Looking more like a surfer than a mucker, especially compared to his closest competitors — Otteson placed fourth in the discus at the NIAA Class 3A Track and Field Southern Regional Championships and has a personal best of 32 feet, 3.5 inches in the shot put — that seemed like a logical choice. But Reid had mucking experience.

“I did it once, years ago as a little kid,” he said, recalling a much smaller ore cart to fill. “I think I lost, by a lot.”

A bit later, Reid competed simultaneously with his brother, Eric, in the nail driving competition. Like Otteson, Eric looked the part more than Josh did, and he also has the record to show for it. Eric Reid finished second in discus and third in shot put at the 1A Southern Regional meet and owns a personal best of 34-8 in the shot put.

But it was Josh — who plays football, basketball and baseball — who came out ahead with a time of 14.97 seconds, just more than 4 seconds better than Eric’s 19.03. But Otteson beat them both, finishing his nail in 11.22.

Another but much younger veteran of the junior championships is Carson Grigory, who at 7 years old already had a mucking title to his name. He sheepishly admitted that he “kind of” expected to win again, and he did just that.
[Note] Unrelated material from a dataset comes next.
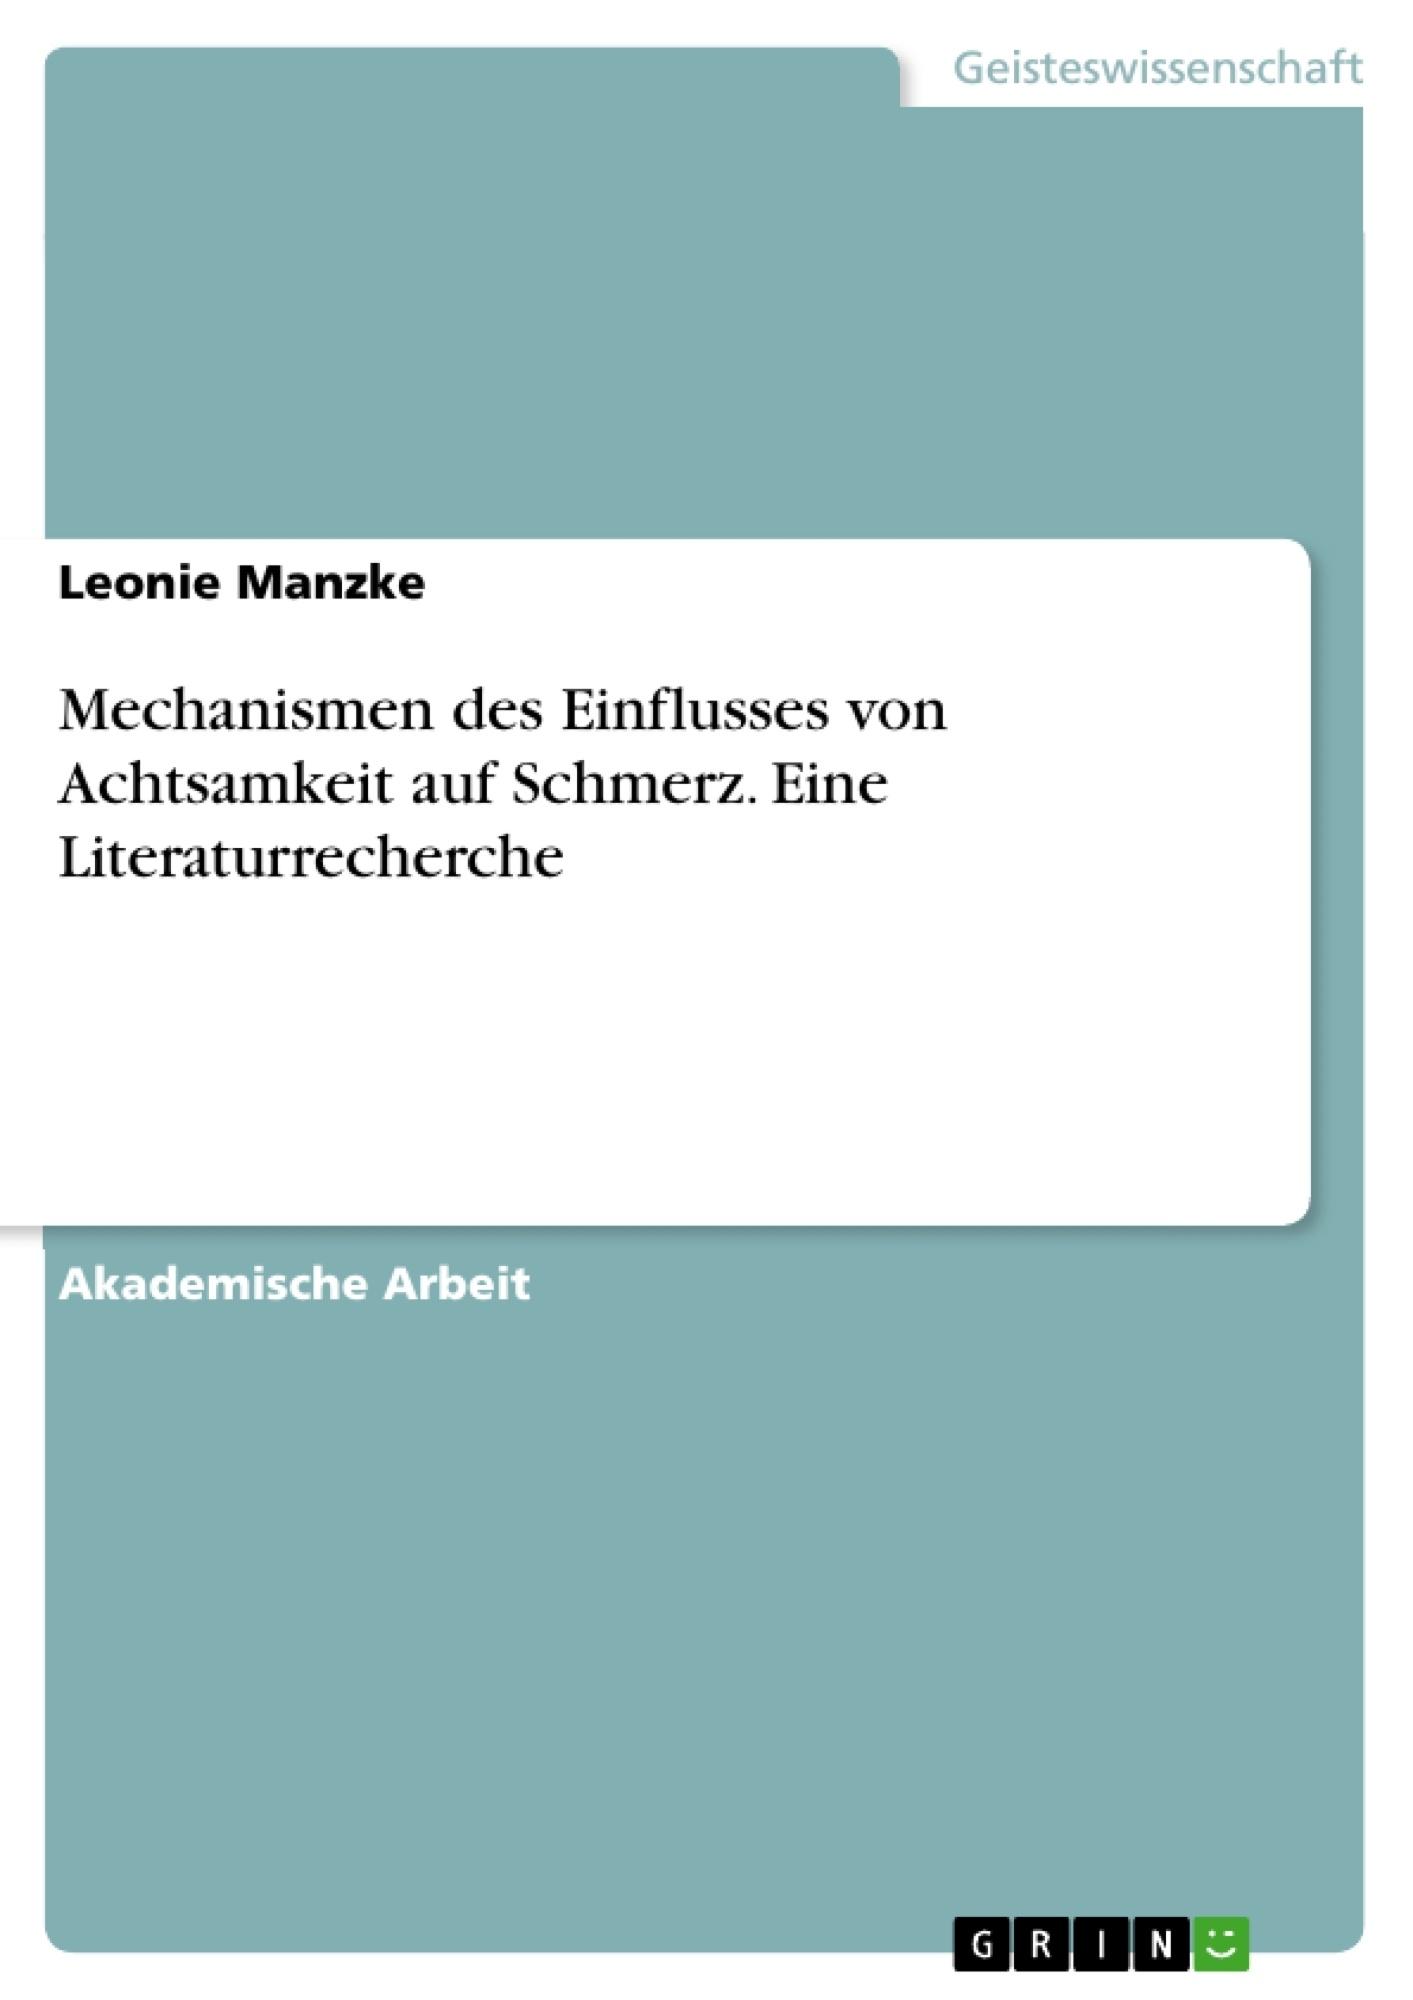 Titel: Mechanismen des Einflusses von Achtsamkeit auf Schmerz. Eine Literaturrecherche

With his long hair flying, Grigory shoveled furiously to fill his ore cart in 29.47 seconds, edging runner-up Kyler Otteson’s 32.72. Unlike his older counterpart, Grigory had a strategy.

“I only got the big scoops,” he said. “I always try to go down and get big scoops. Me and my brother love going outside in our front yard. We always start to dig, and we try to make a lot of cool things.”

Also pretty cool were the $5 and silver coin he won for his effort.

The junior mining championships were hosted by the Central Nevada Grange, and organizers thanked Bill and Amy Dowers and Eason Insurance for their support.

While the mining contests were going on at the Elks Lodge, Joe Friel Sports Complex was hosting a second day of horseshoes competition. Saturday brought a singles tournament sanctioned by the Nevada State Horseshoe Pitching Association, while a more casual, unsanctioned doubles tournament was on the agenda Sunday.

The tournaments drew pitchers from Tonopah, Pahrump, Mount Charleston, Las Vegas and Reno as well as Kingman, Arizona and Bishop, California.

“The event was a big success compared to two years ago when we only had maybe about 10 players and it wasn’t sanctioned,” NSHPA President Lathan Dilger said.